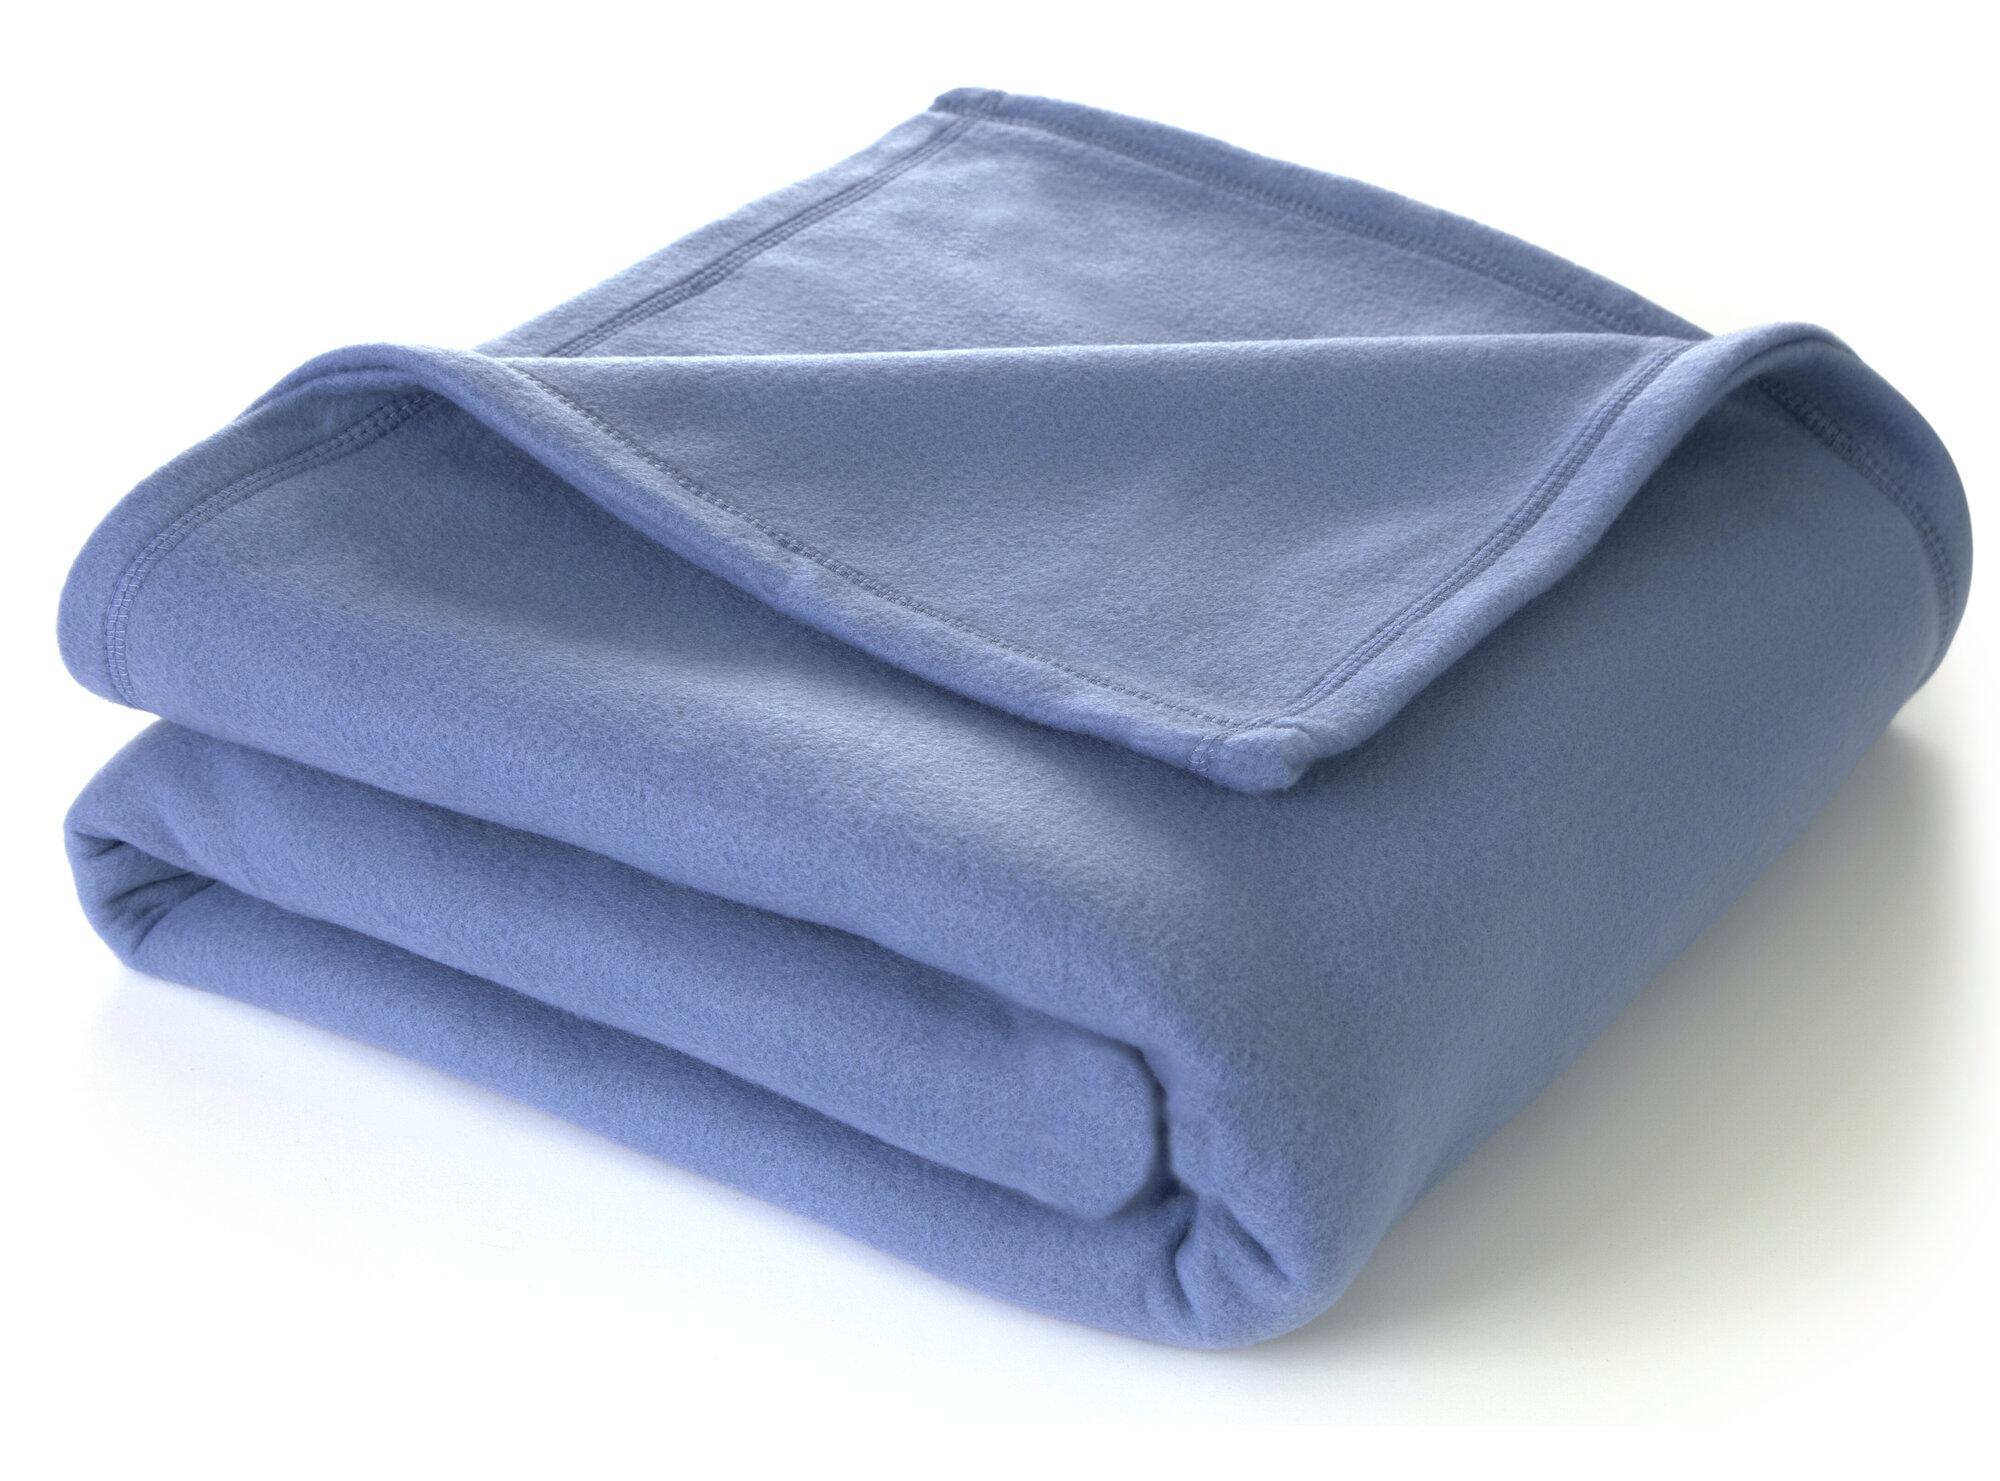 Vellux martex super soft polyester fleece throw blanket ebay for Vellux blanket
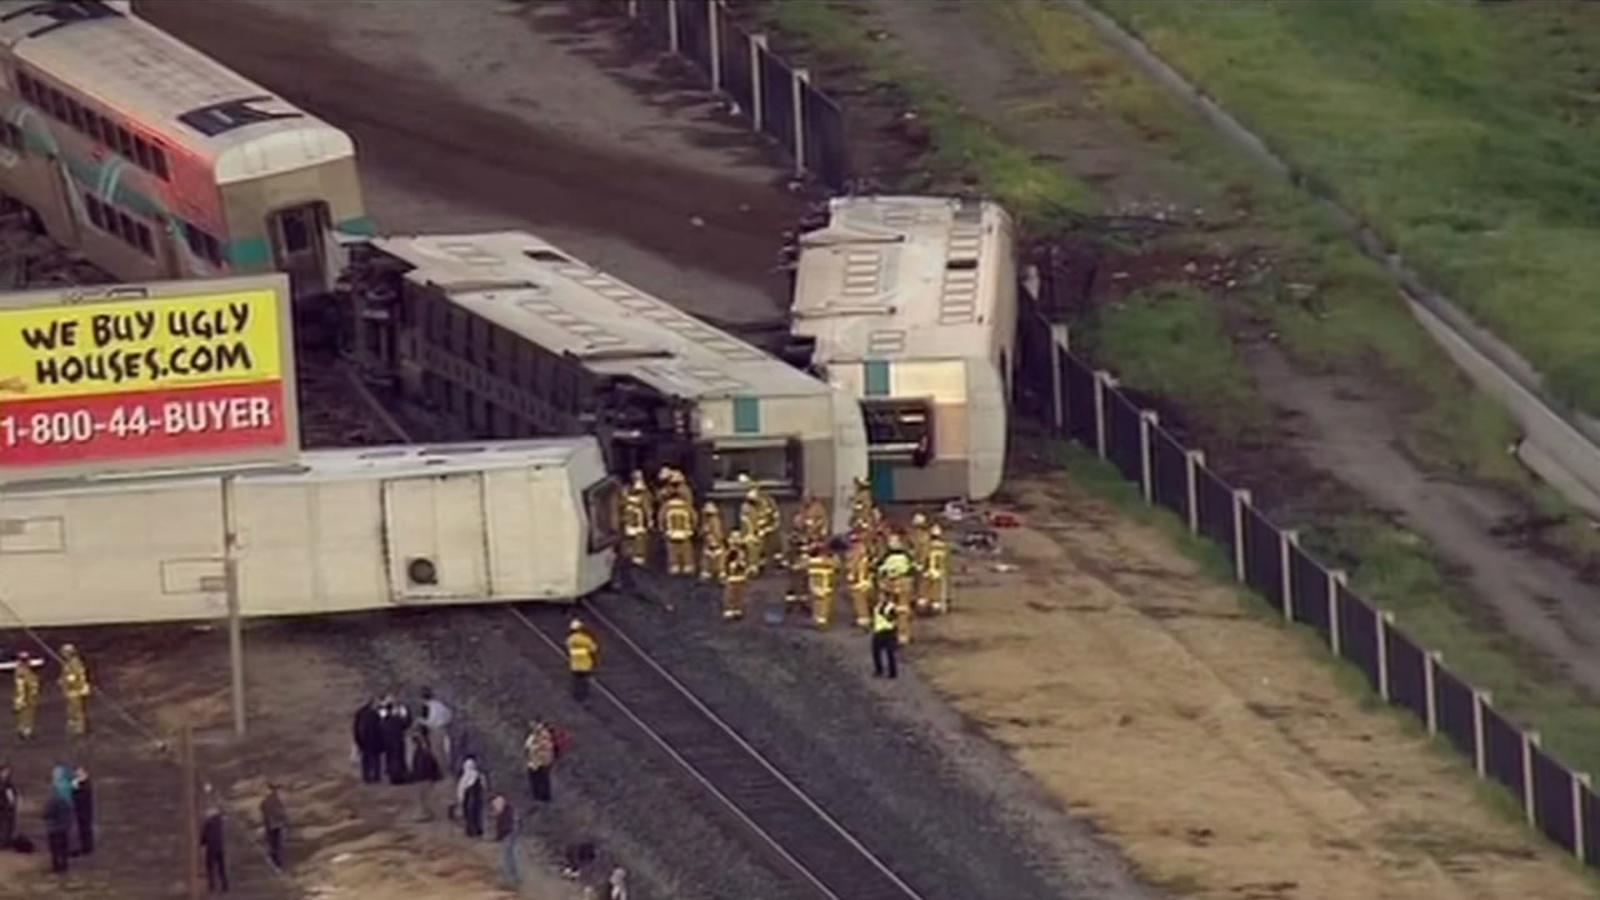 Metrolink Train Slams Into Truck In Oxnard Driver Arrested For
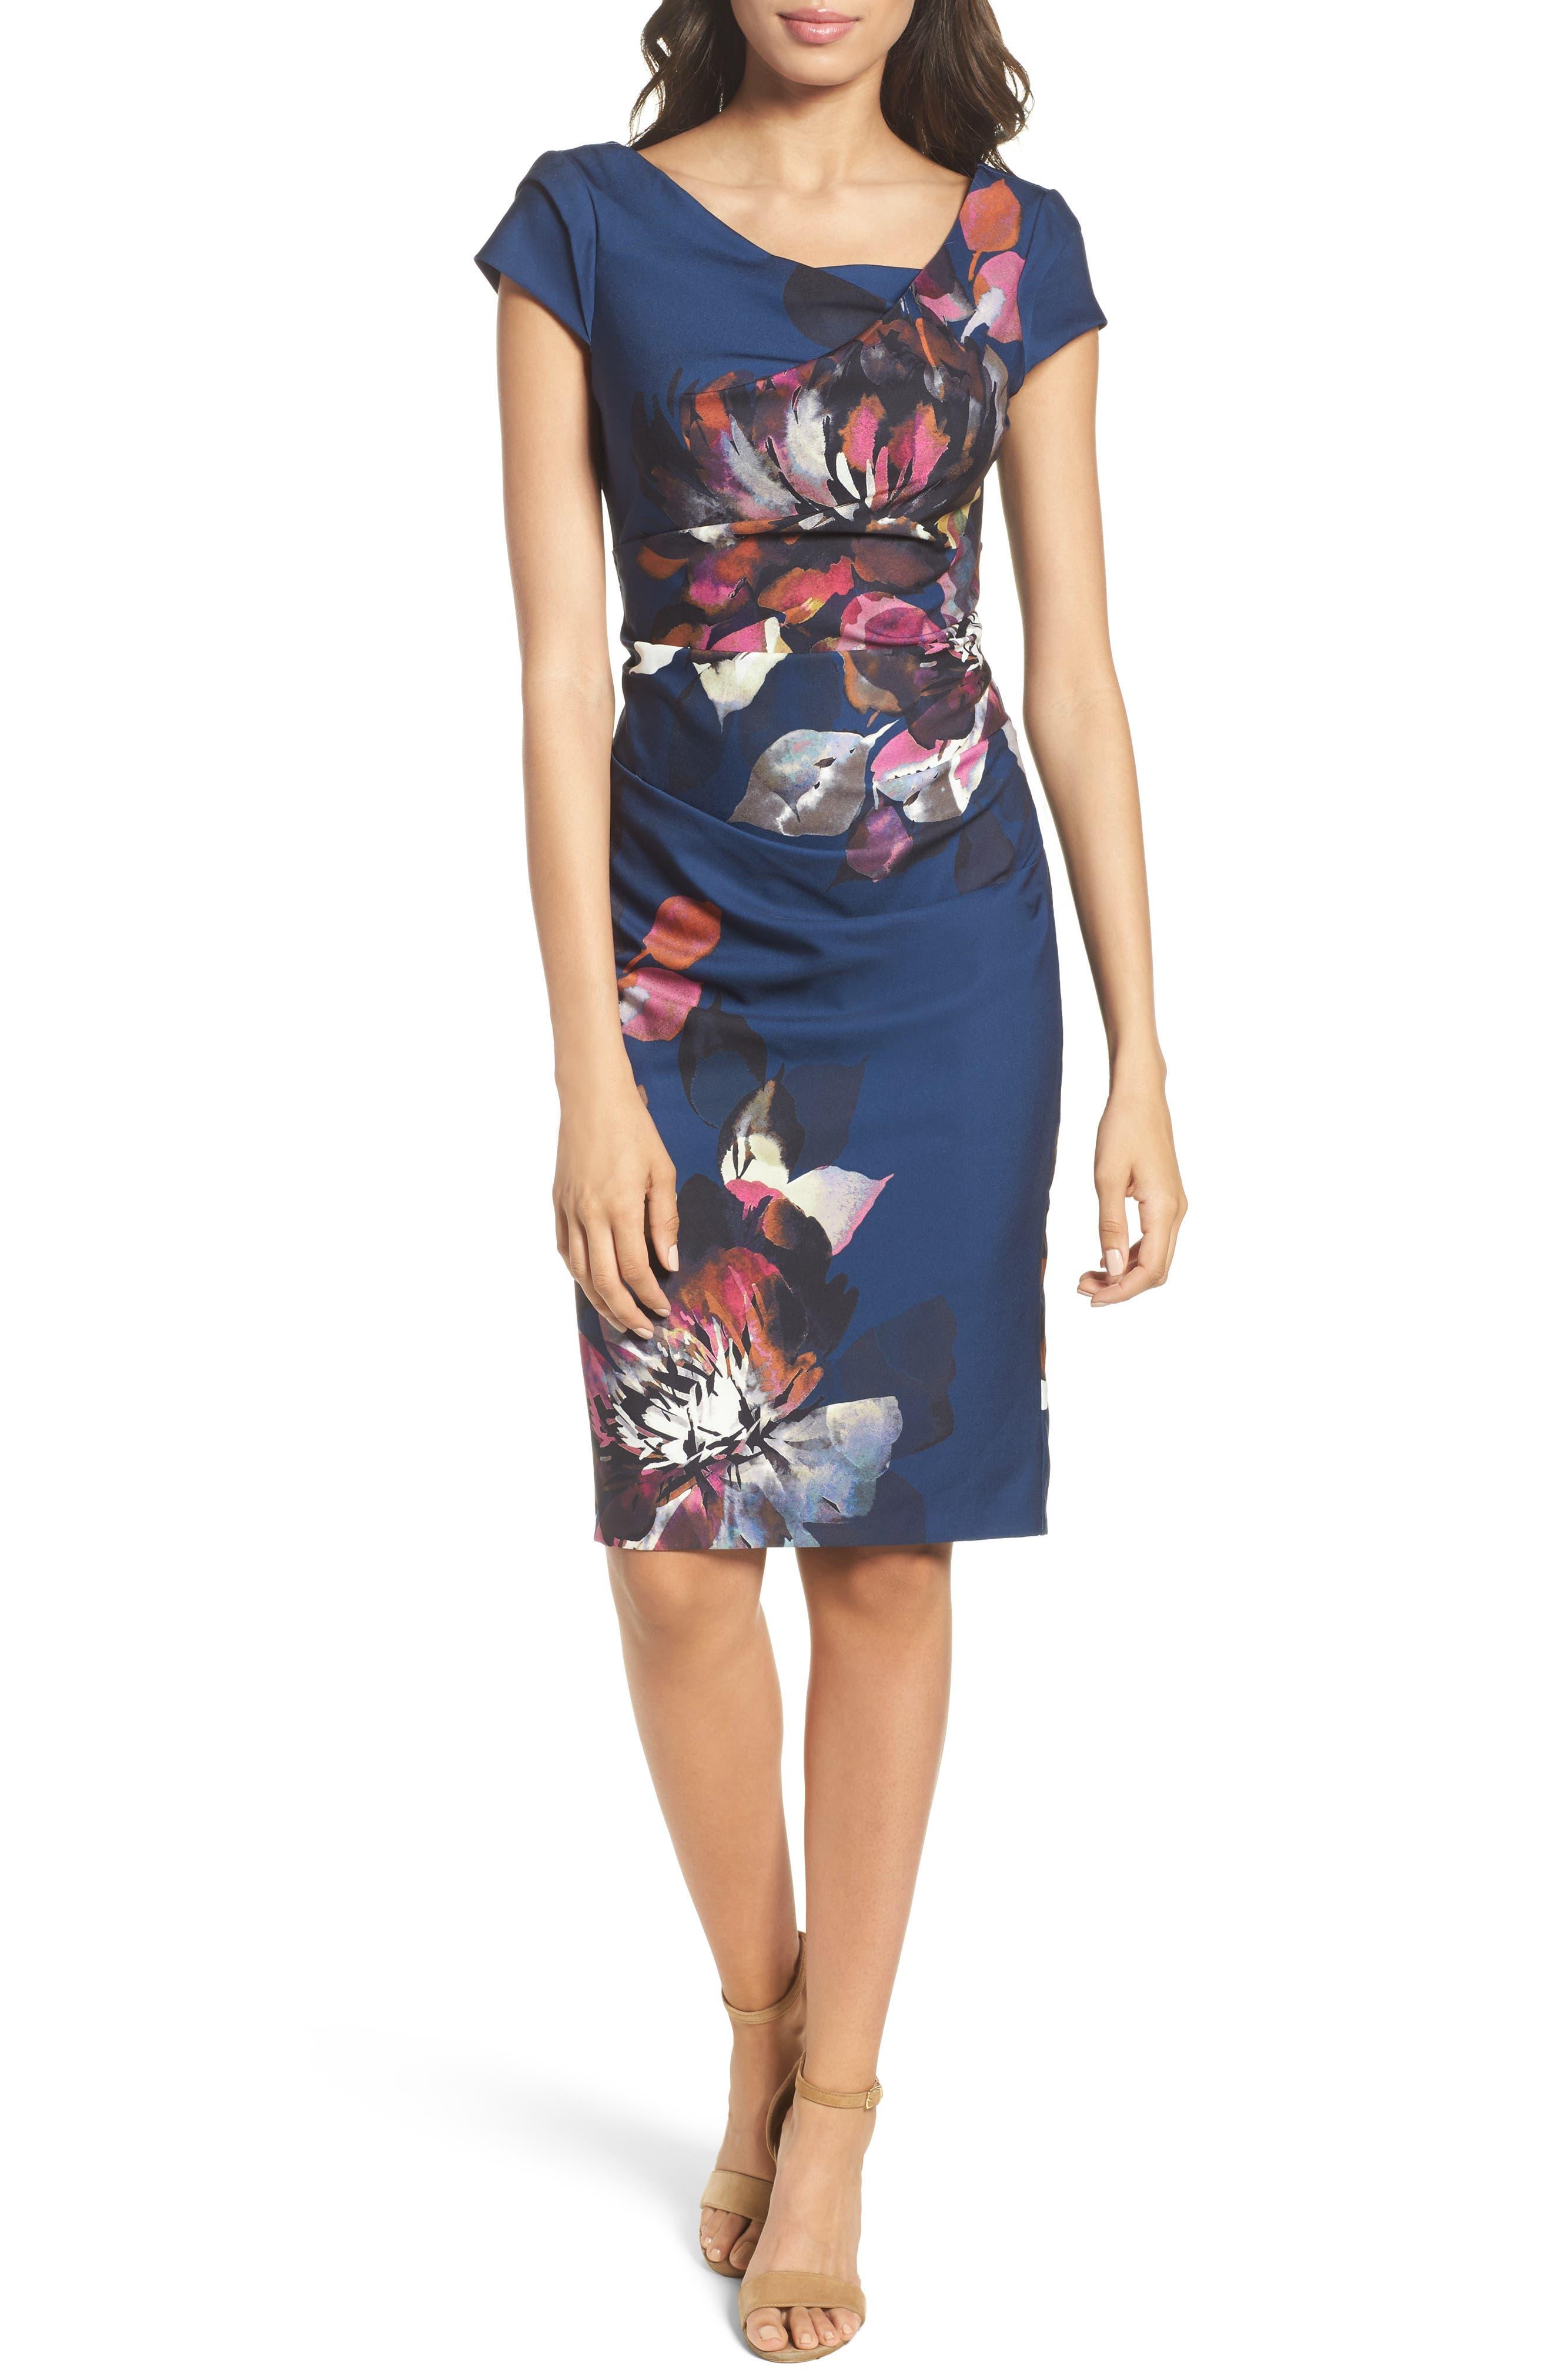 Adrianna Papell Magnolia Cowl Neck Sheath Dress

### PROMPT
The copy runs from the line containing "Metrolink Train Slams" through the last line of the material, both ends included. Reproduce those lines exactly and drop the pictures.

### COMPLETED TASK
 Metrolink Train Slams Into Truck In Oxnard Driver Arrested For
 Adrianna Papell Magnolia Cowl Neck Sheath Dress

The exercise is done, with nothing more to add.